Aim of the task –
Pictures aside, repeat the whole listing word for word.

(Given data)

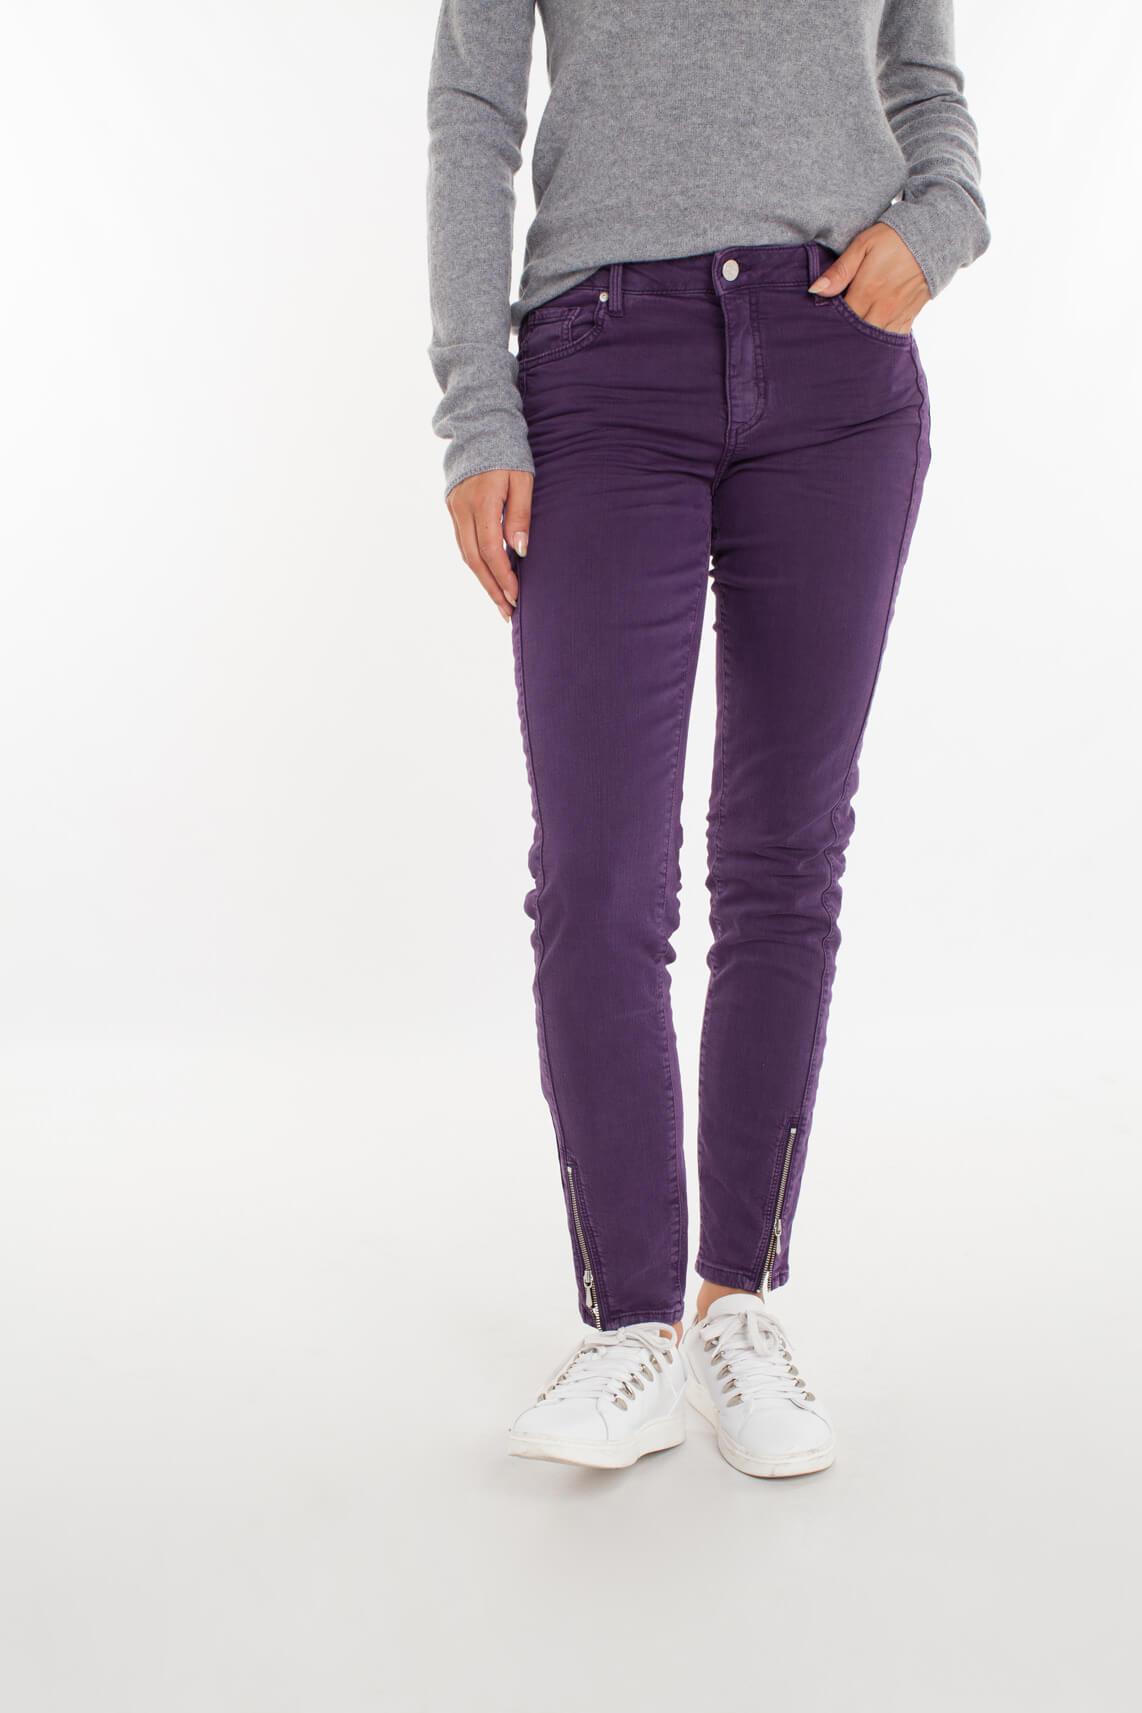 Rosner Dames Antonia jeans met ritsjes Paars
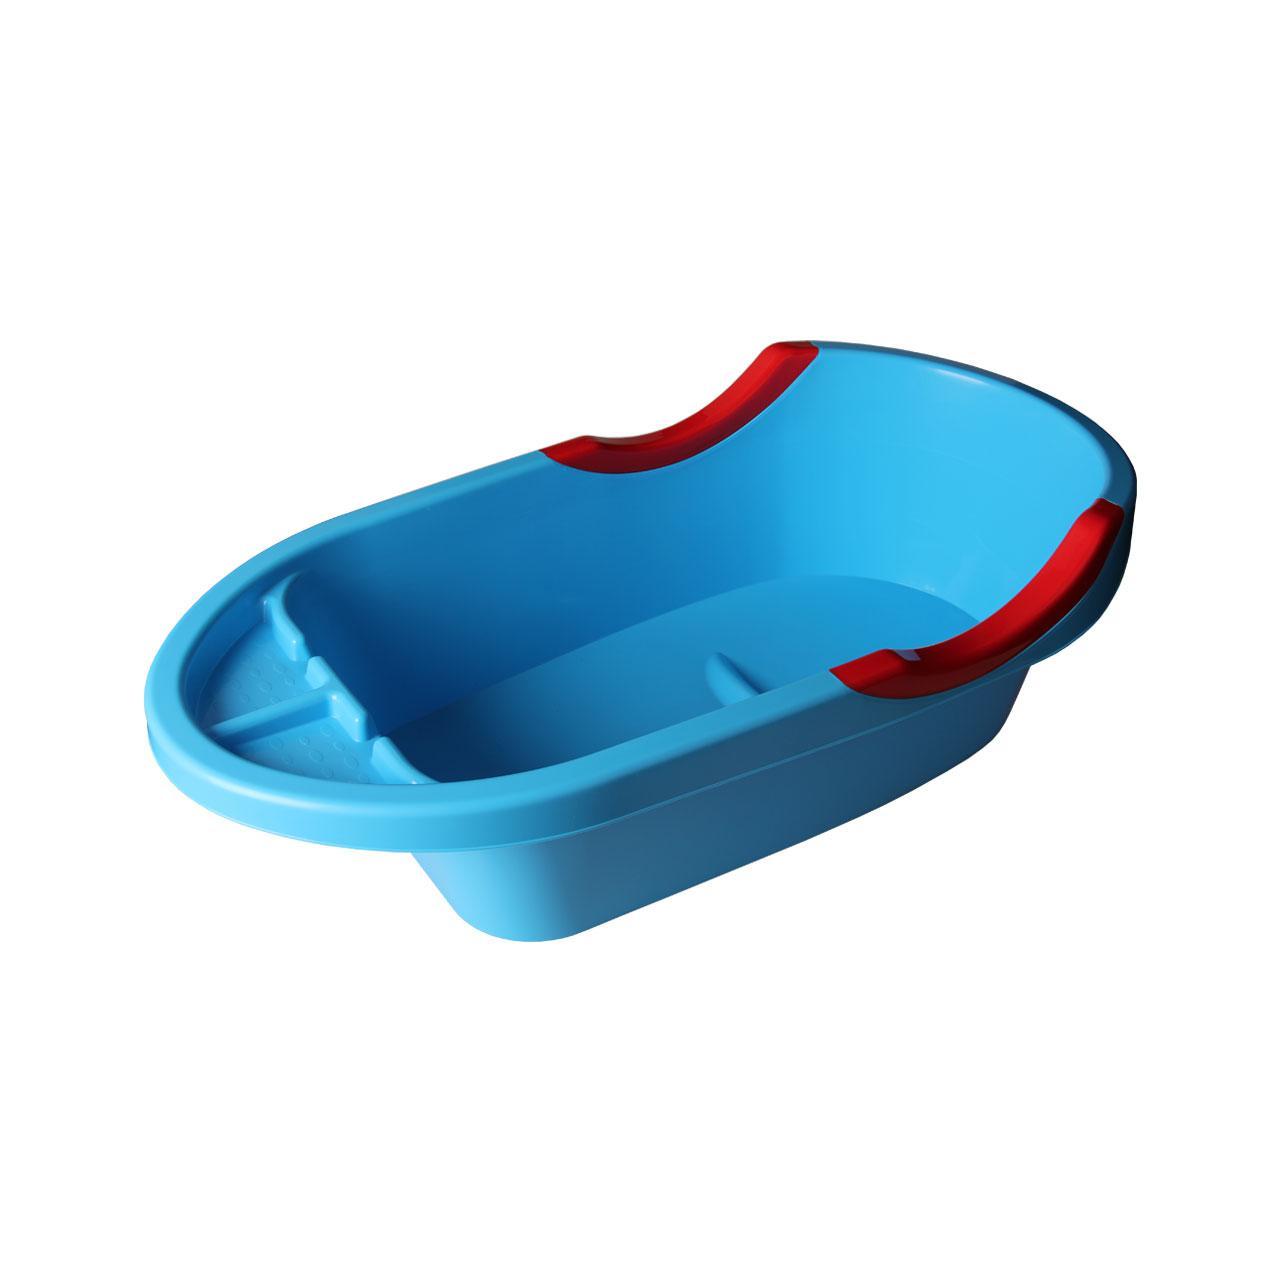 Ванна детская Пластик Малышок Цвет - синий 4409М
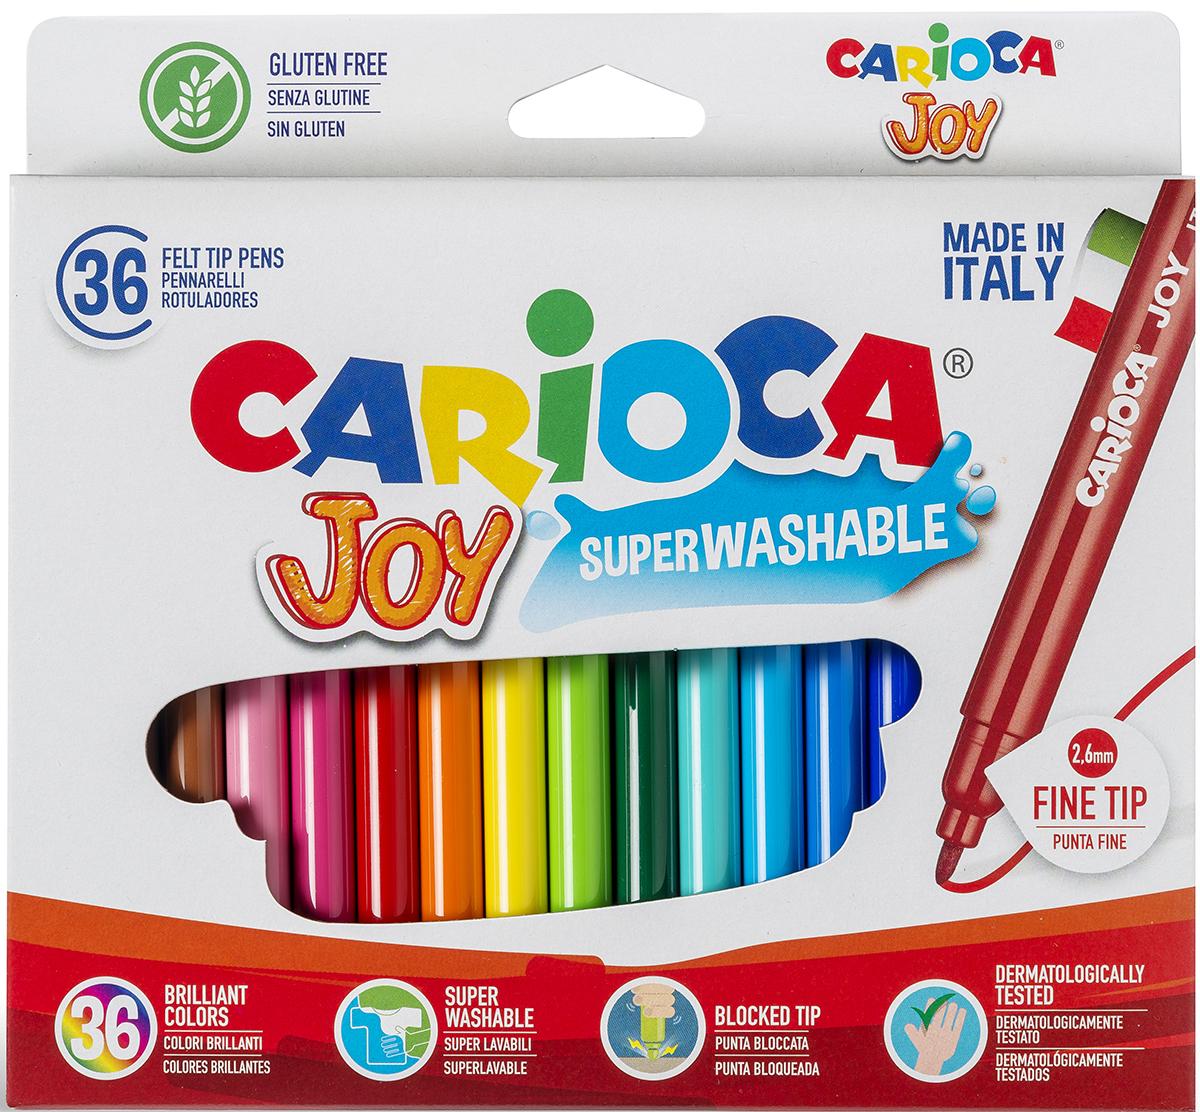 Набор фломастеров Carioca Joy, 36 цветов40616/36Набор Carioca Joy состоит из 36 разноцветных фломастеров, которые отлично подойдут и для школьных занятий, и просто для рисования.Фломастеры рисуют яркими насыщенными цветами. Чернила на водной основе легко смываются с кожи и отстирываются с большинства тканей. Корпус фломастеров изготовлен из полипропилена, а колпачок имеет специальные прорези, что обеспечивает вентилирование и еще больше увеличивает срок службы чернил и предотвращает их преждевременное высыхание.

(End Given data)

Response below –
 Rosner Dames Antonia jeans met ritsjes Paars
 Ванна детская Пластик Малышок Цвет - синий 4409М
 Набор фломастеров Carioca Joy, 36 цветов40616/36Набор Carioca Joy состоит из 36 разноцветных фломастеров, которые отлично подойдут и для школьных занятий, и просто для рисования.Фломастеры рисуют яркими насыщенными цветами. Чернила на водной основе легко смываются с кожи и отстирываются с большинства тканей. Корпус фломастеров изготовлен из полипропилена, а колпачок имеет специальные прорези, что обеспечивает вентилирование и еще больше увеличивает срок службы чернил и предотвращает их преждевременное высыхание.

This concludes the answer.